- Date: May 1, 1880
- Location: Paterson, New Jersey, U.S.
- Methods: Demonstration, riot
- Result: Riot suppressed

Parties
| Laborers | Paterson Police Department |

Casualties
- Death: 1
- Injuries: Several
- Arrested: Dozens

= 1880 Garret Rock May Day riot =

Civil disorder in New Jersey, United States

The 1880 Garret Rock May Day riot or 1880 Garret Mountain May Day riot was a civil disorder event in New Jersey that harshly protested oligarchical power.

==Riot==
For many years Paterson, New Jersey’s mostly Catholic German immigrant community had gathered at Garret Rock, a large plateau at the summit of Garret Mountain in Passaic County, New Jersey, near Paterson in continuation of the ancient German spring festival of "Maying" or ascending a mountain to sing in the rising sun of the first Sunday of May. Fully 3,000 people were gathered upon the plateau by sunrise May Day, 1880. In progress to the festival, a group of the celebrants crossed upon the property of Mr. Dalzell, a local merchant, whereupon Dalzell's son Robert ordered the inebriated, rowdy trespassers off the property. A grappling then ensued between Robert and a locally popular 19-year-old newlywed, Joseph J. Van Houten, during which altercation the elder Dalzell shot Van Houten in the abdomen with a shotgun, killing him. On hearing the shotgun's report, large portions of the celebrants advanced down the mountain to find Van Houghton shot dead. Dalzell and his son retreated to the curtilage on the property, where they were arrested by a local constable. The growing crowd, which was set upon the pair's lynching, torched the barn. The elder Dalzell fired indiscriminately upon the crowd wounding a little boy and girl and further inciting the mob, whereupon the constable and his prisoners retreated from the blazing barn to the farm's main house, which the crowd surrounded. After pelting the house for a time with rocks and bricks, the crowd – still intent upon smoking out the Dalzells and hanging them – set it aflame, and the constable and the Dalzells were obliged to again flee to a second house. Paterson's mayor and sheriff arrived on the scene just as the main house was being put to the torch. By this time, some 10,000 enraged Paterson residents occupied the countryside.

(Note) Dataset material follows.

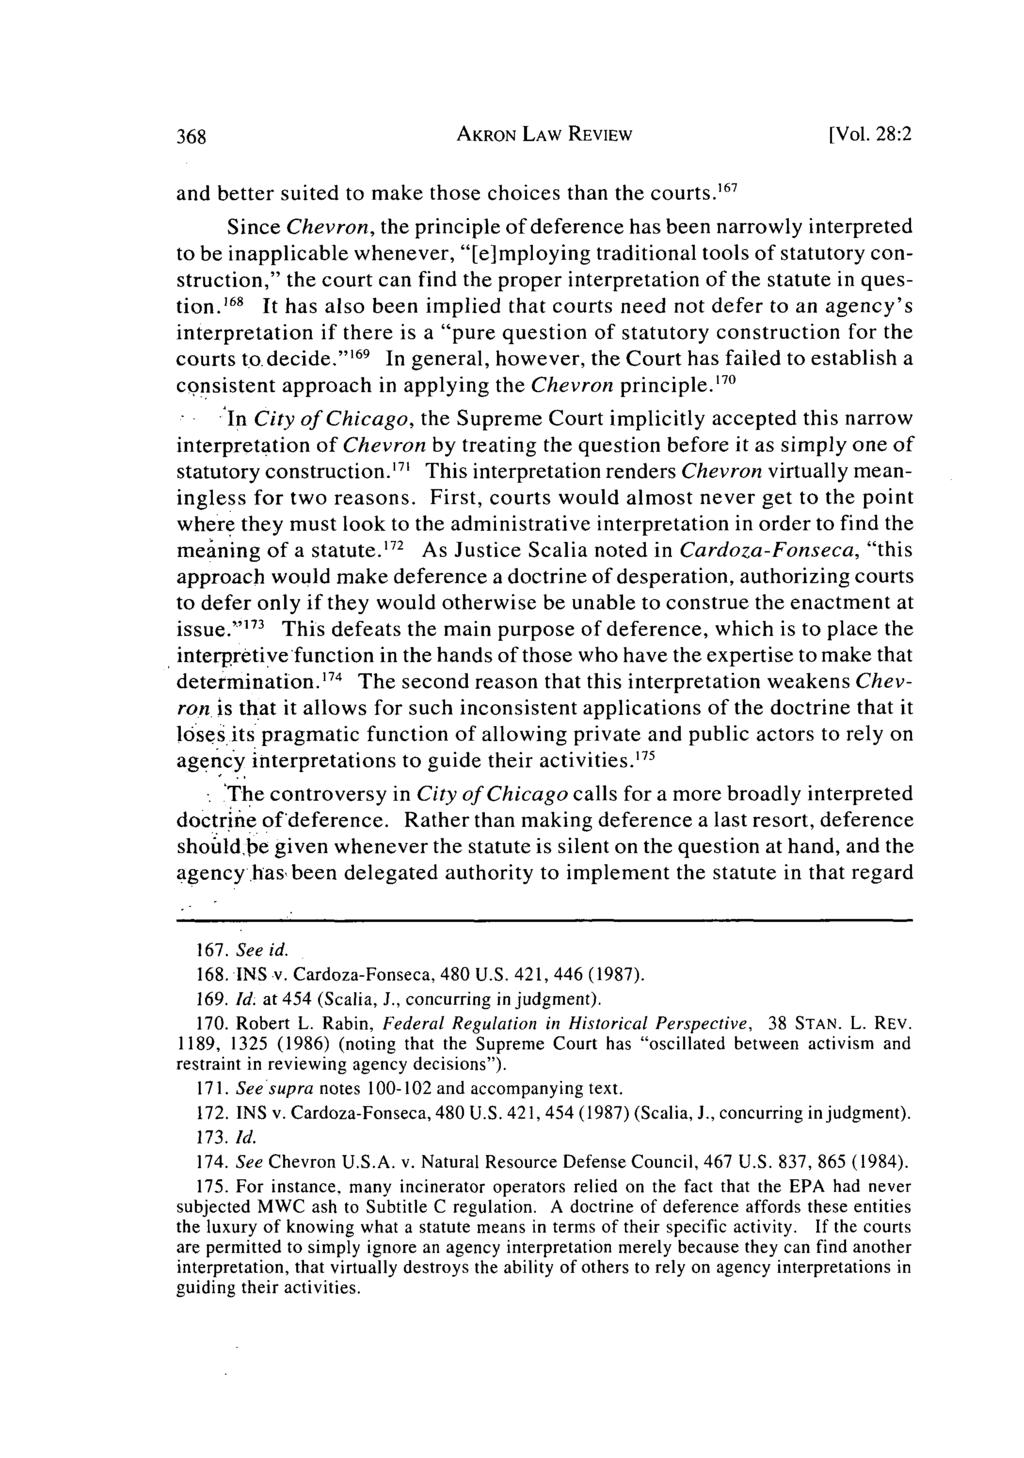 Akron Law Review, Vol. 28 [1995], Iss. 2, Art. 8 AKRON LAW REVIEW [Vol. 28:2 and better suited to make those choices than the courts.
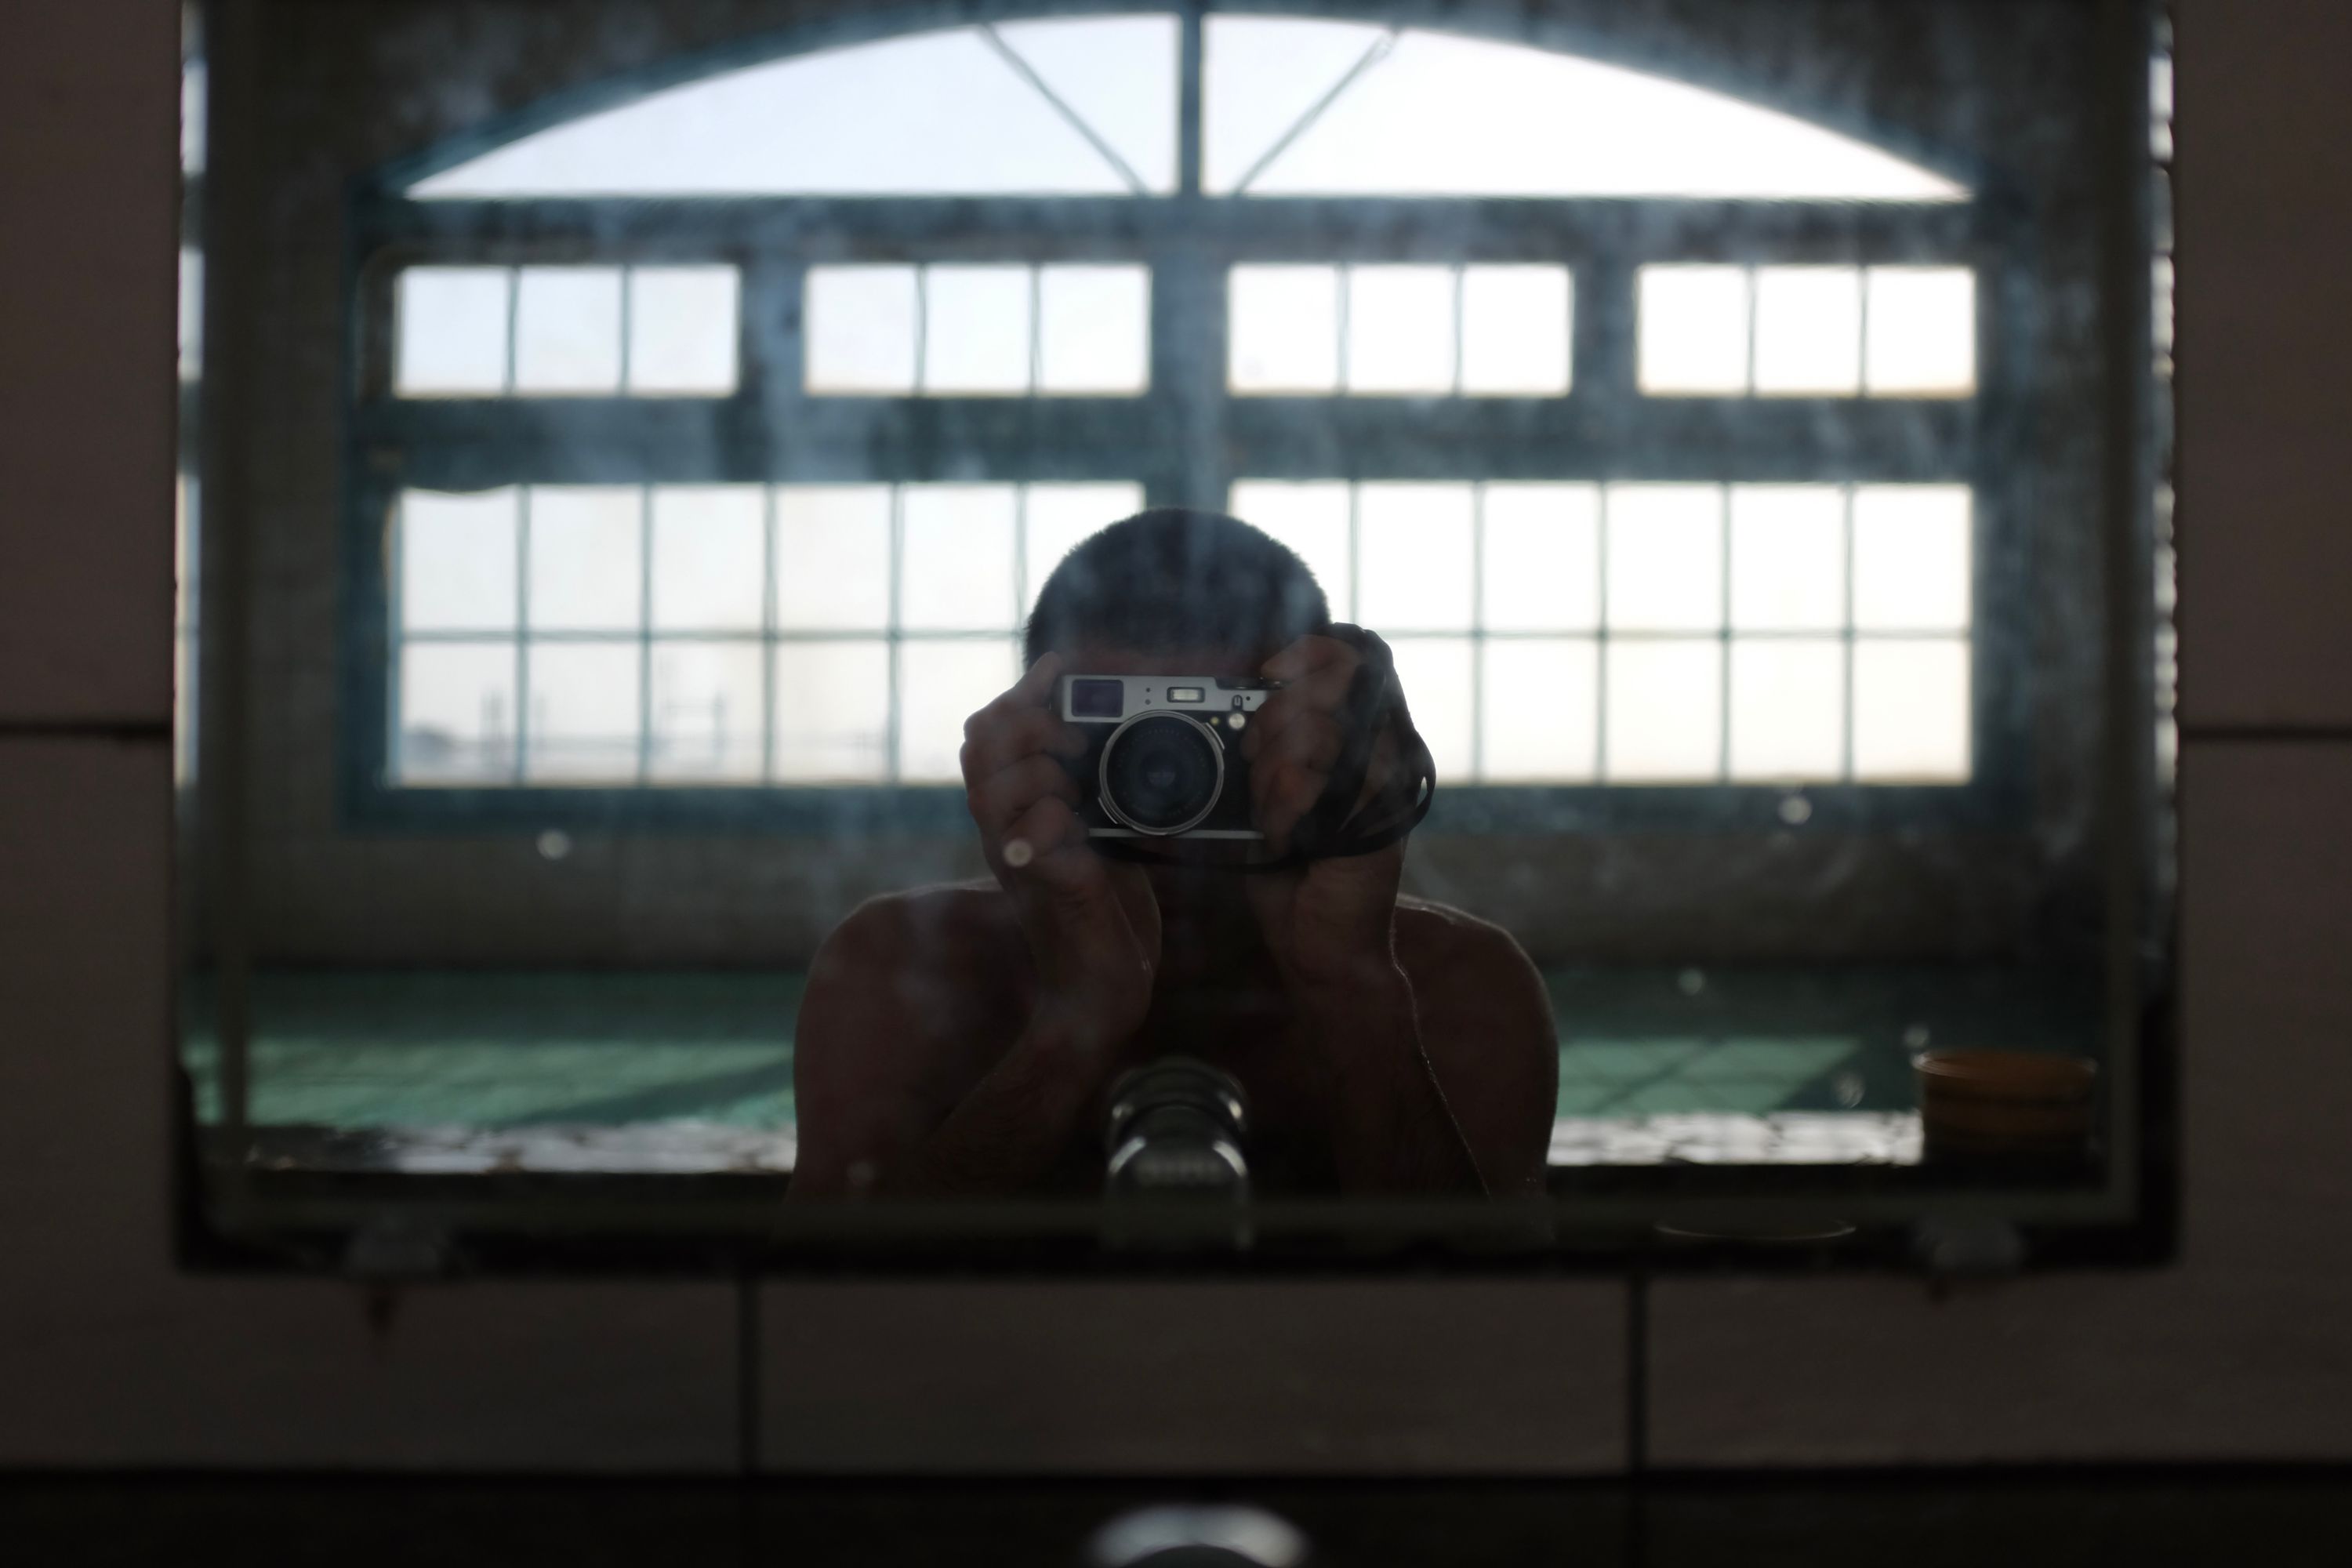 The author takes a self-portrait in the mirror of a public bath, the mirror obscuring his face, a large window visible behind him.

With the sheriff's meager forces unable to themselves control the crowd, Paterson's Mayor Graham and Sheriff Van Voorhies called upon the greatly revered Paterson Catholic priest William N. McNulty, whose exhortations to the crowd were enough to temporarily quell or distract that mob, while sheriff's deputies removed the constable and the Dalzells from the rear of the second house and placed them in a transport coach. To prevent the passengers stoning, McNulty then mounted the roof of the coach. Some few of the mob did still chase and jump onto the sides of the coach as it swiftly fled the scene, but were clubbed off by the constables.

New Jersey Governor McClellan had readied several companies of the state's military forces at Newark, New Jersey, under General Plume, but the order for the militia was ultimately countermanded.